Shelby Sumpter Singleton, Jr. (December 16, 1931 – October 7, 2009) was an American record producer and record label owner.

Early life
He was born Shelby Sumpter Singleton, Jr. in Waskom, Texas. His parents were Shelby Sumpter Singleton, Sr. and Alvina Marcantel. As a youngster, living in Shreveport, Louisiana, Singleton was known as "Sonny Boy". He graduated from high school at age 15, then attended the Louisiana Business School. After graduating, he joined the Marine Corps and served in the Korean War. He would spend the rest of his life with a metal plate in his head due to an injury suffered while serving there.

Career
After his military discharge he worked in a munitions company, based in Shreveport, Louisiana for five years before being hired to promote Starday Records country music catalog. When a marketing arrangement between Starday and Mercury Records was terminated, Singleton was hired by Mercury to do promotional work. He rose in the company to become a record producer and executive in Mercury's Nashville office. In 1960, he achieved his first hit single, Brook Benton's recording of "The Boll Weevil Song", which became a #2 single on the Billboard Hot 100 chart the following year. Singleton spent nine years at Mercury and its sister label, Smash Records, during which he was involved in producing many hit records, including Leroy Van Dyke's "Walk On By"; "Ahab the Arab" by Ray Stevens; and "Wooden Heart" by Joe Dowell. Singleton also acted as producer for such artists as Jerry Lee Lewis, Roger Miller, Charlie Rich, Dave Dudley, and Brook Benton.
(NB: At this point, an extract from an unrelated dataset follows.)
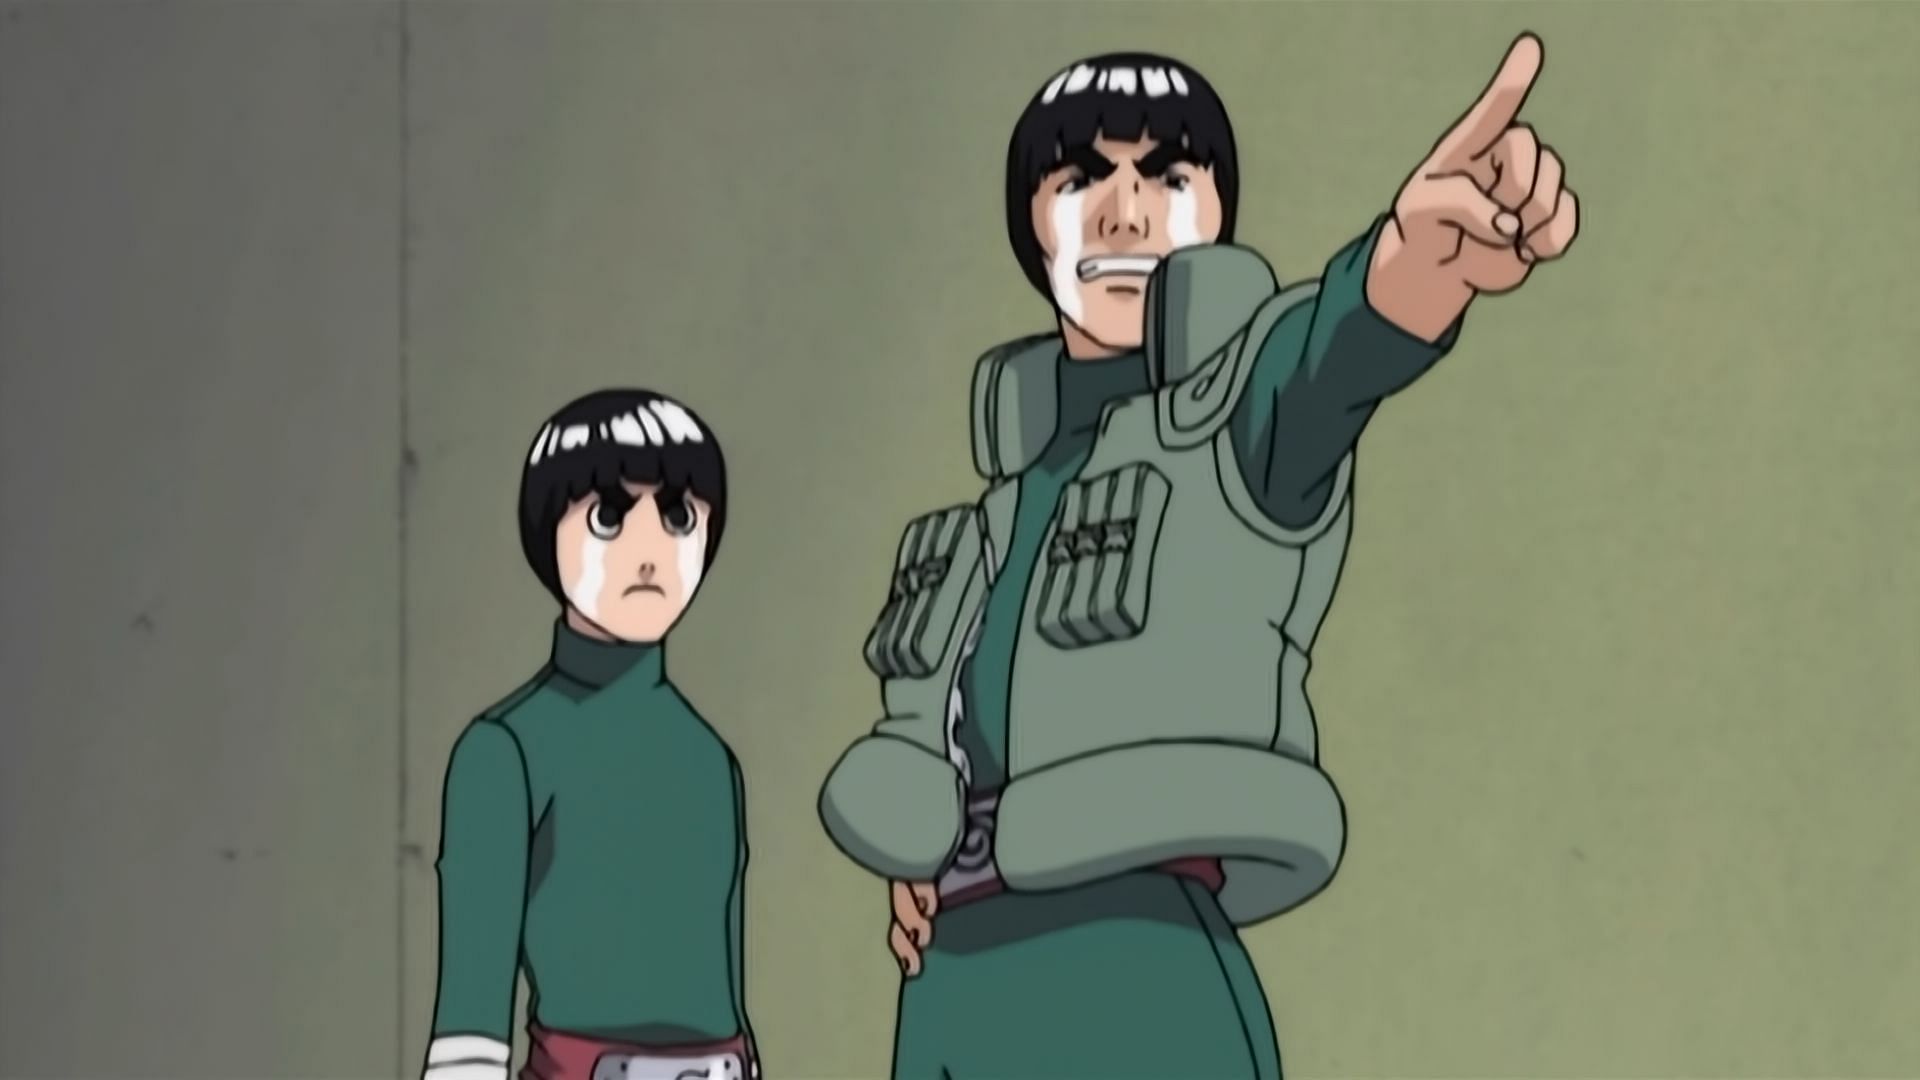 Rock Lee (left) and Might Guy (right) as seen in the Naruto anime series (Image via Studio Pierrot)

In 1962, Singleton bought the master recording of "Hey Paula" by Jill and Ray, originally released on LeCam Records. He changed their names to Paul & Paula and issued the song on Mercury's sister label, Philips Records. The song spent three weeks at number one on the Billboard Hot 100. By 1966, Singleton was vice-president of Mercury, but resigned to form several music labels, including SSS International and Plantation Records. He achieved his first #1 hit in 1968 with Jeannie C. Riley's "Harper Valley PTA". The following year, Singleton purchased Sun Records and its rock and roll catalog from Sam Phillips. From this point onwards, most of his career was dedicated to releasing and repackaging the Sun catalog, much of which was previously unreleased. Singleton was also on the nominating committee of the Hit Parade Hall of Fame.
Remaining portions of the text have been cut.